Development of guidelines and resources to encourage and support exercise in pregnant women with pre-existing Type 2 Diabetes. MRC GW4 BioMed DTP PhD studentship 2025/26

About the Project

Summary: 

A physically active pregnancy including regular exercise reduces pregnancy complications in women with pre-existing type 2 diabetes (T2D) and supports the health of mother and baby, but most women do not do enough exercise to get this benefit. This project will measure exercise levels and barriers to exercise in pregnant women with T2D and determine what insulin dose adjustments and carbohydrate intake is needed to exercise safely. This work can inform the first national guidelines to support pregnant women with T2D to increase their exercise levels and improve outcomes for mothers and babies.

Description

A physically active pregnancy including regular exercise improves cardiovascular function, decreases the risk of gestational hypertension, limits weight gain, and improves mood. Diabetes affects around 10% of all pregnancies in the UK (~ 65 thousand per year): type 2 diabetes (T2D) accounts for around 56% of these. T2D increases the risk of preterm delivery, preeclampsia, macrosomia, intrauterine death and congenital malformations.
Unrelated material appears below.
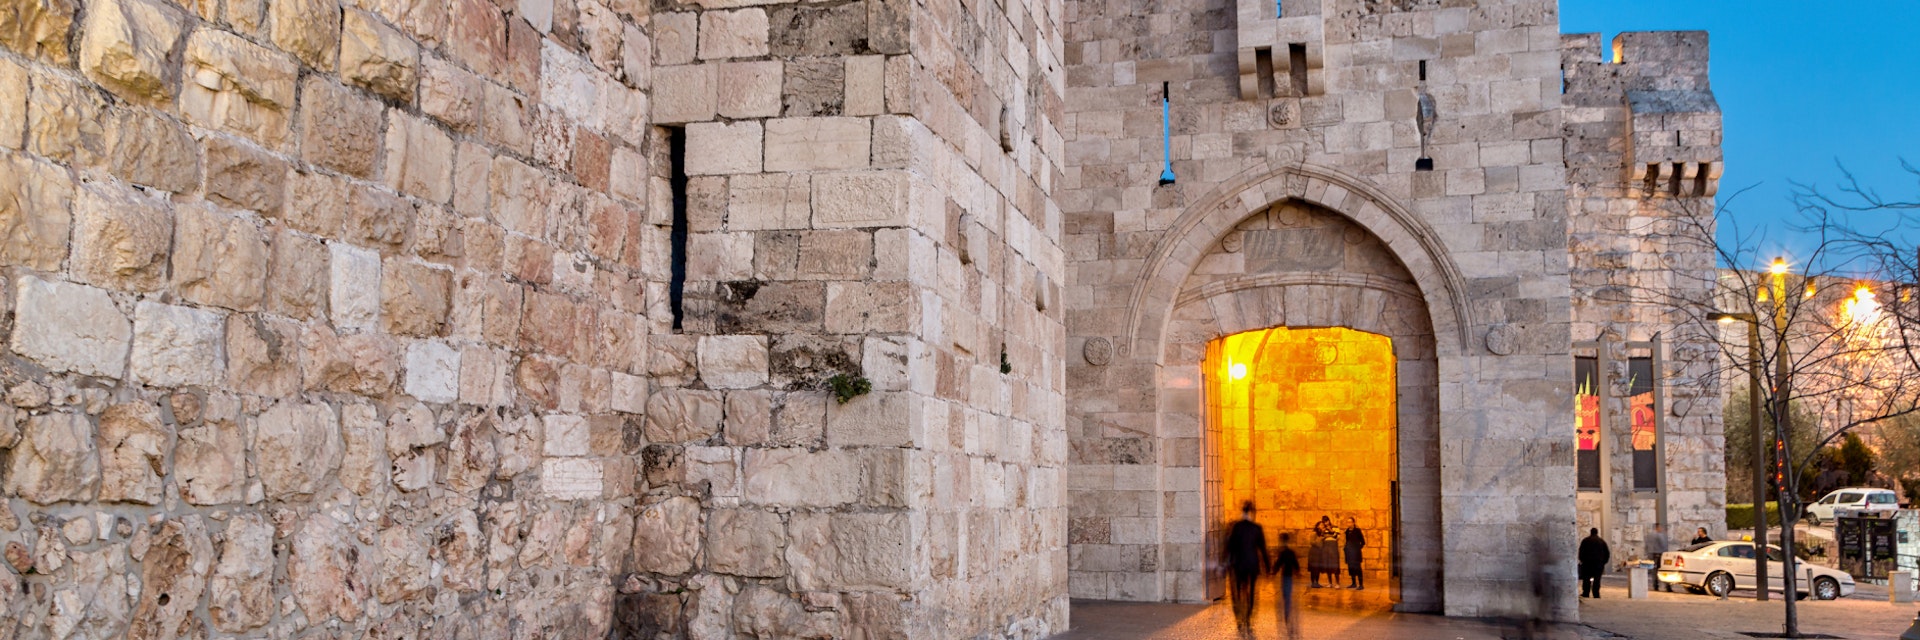 Jaffa Gate at Night - Jerusalem Old City; Shutterstock ID 594552767; Your name (First / Last): Lauren Keith; GL account no.: 65050; Netsuite department name: Online Editorial; Full Product or Project name including edition: Israel Update 2017

Regular exercise is therefore likely to have an even greater effect on improving the health of pregnant women with T2D. Based on these benefits it is recommended all pregnant women aim for at least 150 minutes of moderate intensity activity and two muscle strengthening sessions each week. However, physical activity both

amongst pregnant women, and amongst those with pre-existing T2D is disproportionately low. There is currently no evidence-based guidance to support physical activity (PA) for pregnant women with pre-existing T2D, as key questions remain unanswered.

No studies have looked at habitual activity levels, or barriers to physical activity in pregnant women with T2D and crucially, how they change over time during pregnancy. In addition, it is not known how exercise affects glucose control in pregnant women with pre-existing T2D, and whether advice on insulin dosage adjustment and carbohydrate intake for exercise that is used for non- pregnant women with T2D is effective in pregnant women with T2D who are treated with insulin, (estimated 40-80% of cases). As such, healthcare professionals have told us that they are unsure how to support pregnant women with T2D, when this support might be most useful and appreciated.